JP2005170906A - Bad breath emission suppressant and bad breath emission suppressant composition - Google Patents

Abstract

<P>PROBLEM TO BE SOLVED: To obtain a bad breath emission suppressant that can essentially suppress the emission of bad breath by directly inhibiting the emission of the bad breath itself, but not by tentative suppression, for example, masking, and provide a bad breath emission suppressing composition containing the bad breath emission suppressant. <P>SOLUTION: The bad breath emission suppressant contains a component suppressing the emission of allyl methyl sulfide as an active ingredient. This component that suppresses the emission of allyl methyl sulfide contains a thiol-S-methyltransferase inhibitor. As the thiol-S-methyltransferase inhibitor, are preferably used one kind or two or more kinds of plants selected from blueberry, ichi, guava, acerola, aronia, black currant, elderberry, water pepper and rose hip or extracts therefrom. <P>COPYRIGHT: (C)2005,JPO&NCIPI

Description

  The present invention relates to a bad breath generation inhibitor, and a bad breath generation suppression composition such as a composition for oral cavity and a food composition containing the bad breath generation inhibitor, and in particular, a bad breath generation inhibitor derived from garlic, and the generation of the bad breath The present invention relates to a composition for suppressing bad breath generation containing an inhibitor.

  Garlic is a plant that has been eaten all over the world because of its excellent benefits such as nourishment and tonic. However, due to its unique odor, access to it may be limited. Garlic is odorless as it is, but when it is cut or grated, allicin produced by decomposition of alliin in garlic by alliinase is converted to diallyl disulfide and the like, resulting in a strong odor. It is also known that eating garlic produces an unpleasant garlic odor during exhalation. Since this garlic unpleasant odor is persistently generated immediately after eating until the next day, elimination of the unpleasant odor and suppression of occurrence have been studied for a long time, but no one with sufficient effect has been found yet. .

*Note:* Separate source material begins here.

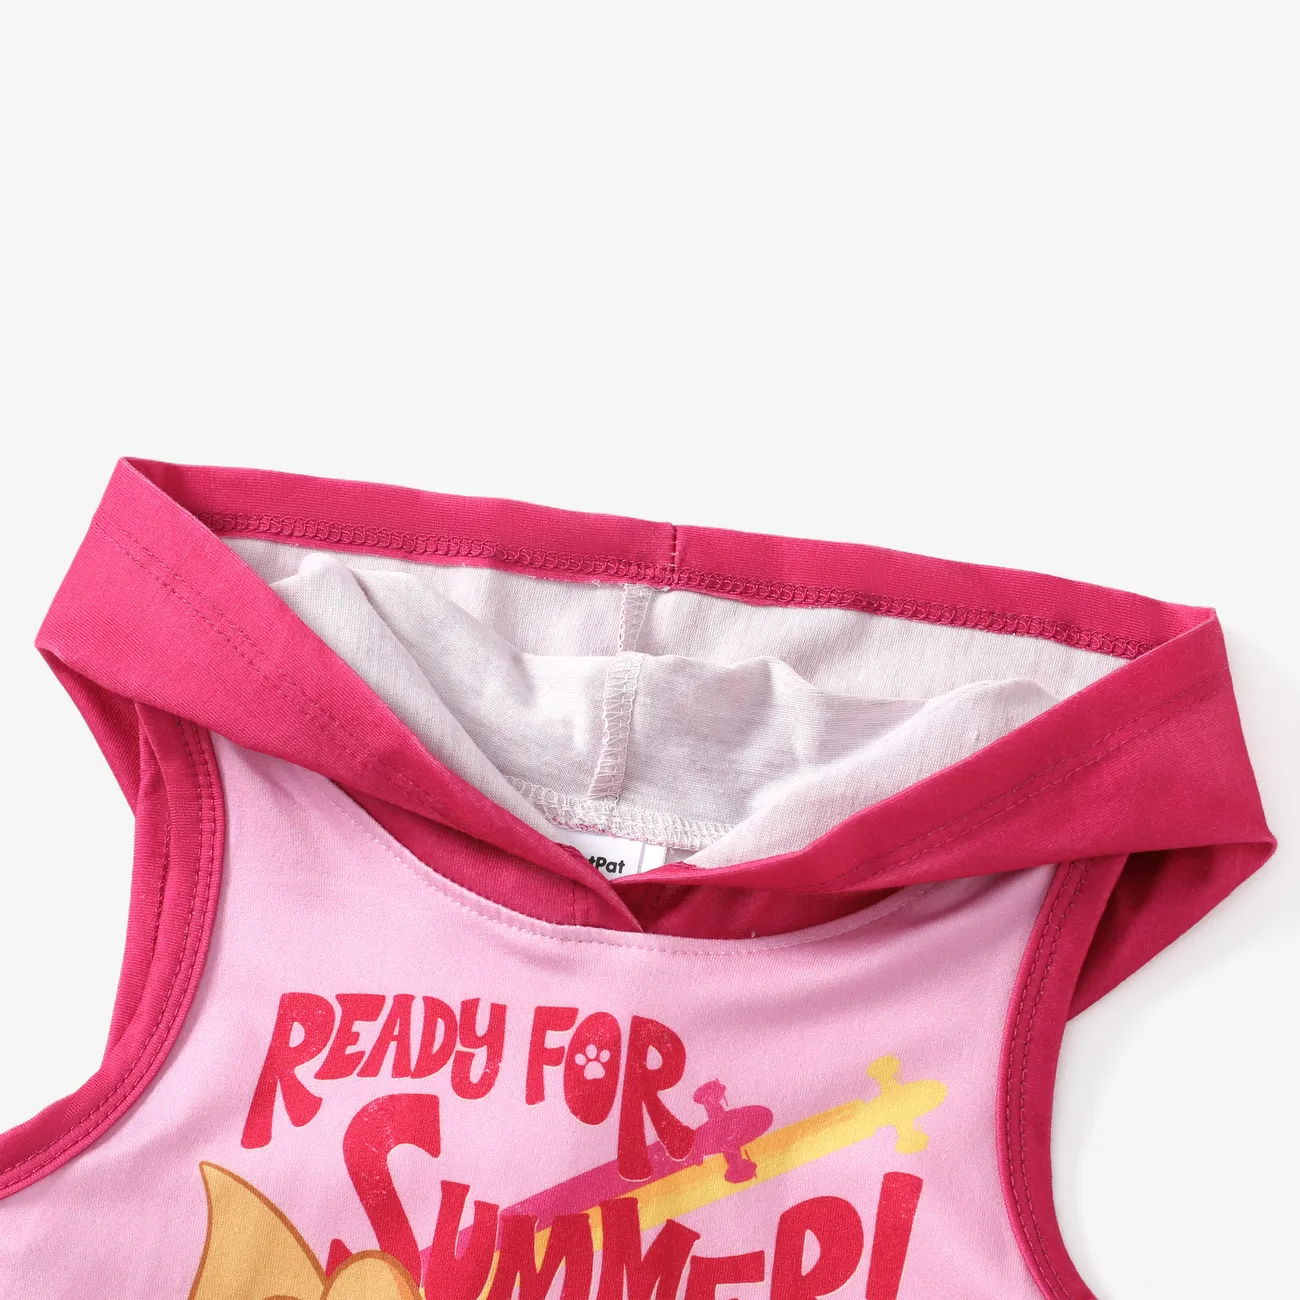 Paw Patrol Toddler Boys/Girls 1pc Character Print Summer Hooded Top Pink big image 1

  Conventionally, parsley and the like have been used in the United States and Europe as means for suppressing these garlic halitosis. In addition to parsley, various methods have been developed to weaken and deodorize the garlic odor, and many methods using plants of the family Aceraceae have been studied. Examples of such a celery family plant include, for example, a celery family plant containing pinene and apiol (Patent Document 1), celery, carrot, parsley, celery, honey bee, fennel, senkyu, touki, marubuki (Patent Document 2) Inondo, Caraway, Fennel, Hamabofu, Anise (Patent Document 3) are disclosed. Further, an extract of the family Apiaceae (Patent Document 4) and an Aceraceae plant belonging to the genus Dutch jellies, seri and honey bees (Patent Document 5) are disclosed. Moreover, as a plant active ingredient other than the Apiaceae plant, for example, rooibos crown (patent document 6) and the like are disclosed.

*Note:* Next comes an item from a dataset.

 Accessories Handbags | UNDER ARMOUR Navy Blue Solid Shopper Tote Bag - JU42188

JP-A-53-52607 JP 63-262156 A JP-A-6-190027 JP 2002-95729 A JP 2002-104987 A Japanese Patent Laid-Open No. 10-7539

  However, the unique strong flavor of pariaceae plants such as parsley can temporarily mask the bad breath derived from garlic, but the effect is temporary and the odorous substance still remains Therefore, unpleasant bad breath again occurs after a while. In addition, even with plant active ingredients other than the Apiaceae plants, a sufficient effect on bad breath derived from garlic has not yet been obtained.

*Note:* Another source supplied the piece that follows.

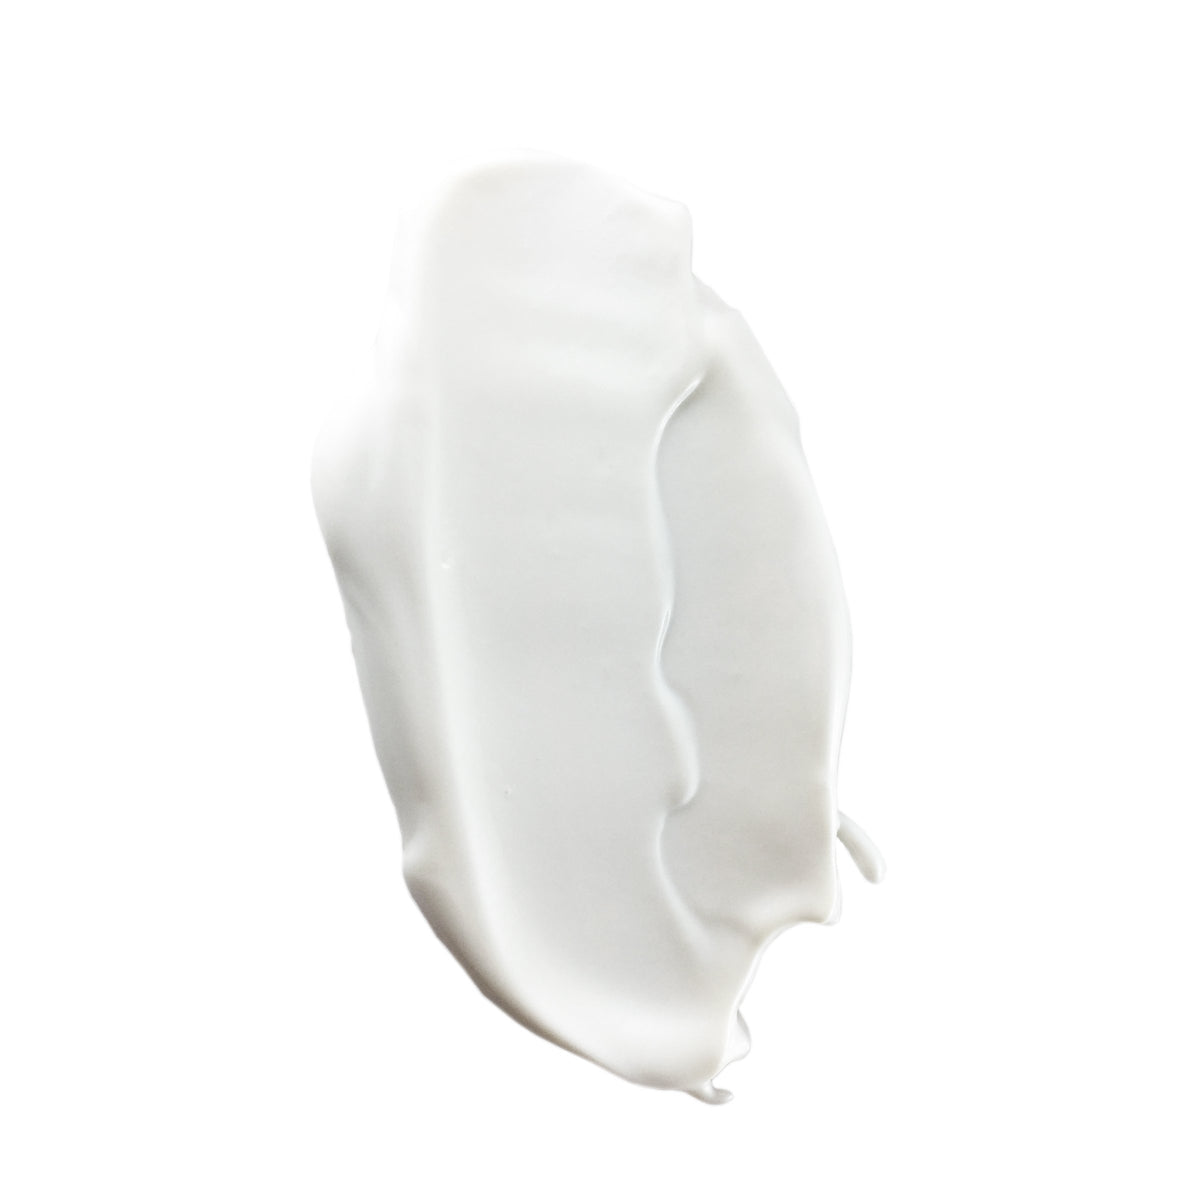 Pot of Shade: Heliotropic SPF 30 white creamy texture.

  The present invention has been made in view of the above circumstances, and a bad breath generation inhibitor that continuously suppresses bad breath generation, in particular, bad breath derived from garlic from the body, and a bad breath generation suppression composition containing the bad breath generation inhibitor. The purpose is to provide things.

  As a result of diligent, experiments, and studies to achieve the above object, the present inventors have found that a substance that suppresses the production of allyl methyl sulfide, which is the main component of bad breath derived from garlic, continuously suppresses garlic bad breath. I found. That is, as a result of screening for substances that suppress the production of allyl methyl sulfide, strong allyl methyl sulfide was produced in each plant or extract of blueberry, lychee, guava, acerola, aronia, blackcurrant, eldaberry, willow tree, rosehip. Inhibitory activity was found, and it was confirmed that they suppressed the occurrence of bad breath derived from garlic in the body, and the present invention was made.

  The bad breath generation inhibitor of the present invention is characterized by containing an allyl methyl sulfide production inhibitor component.

  Moreover, in the bad breath generation inhibitor of the present invention, the allyl methyl sulfide production inhibitor component is a thiol-S-methyltransferase inhibitor.

  As the thiol-S-methyltransferase inhibitor, a plant or an extract thereof is used, and the plant is selected from blueberry, lychee, guava, acerola, aronia, blackcurrant, eldaberry, willow tree and rosehip plants. One or two or more kinds of plants are preferably used.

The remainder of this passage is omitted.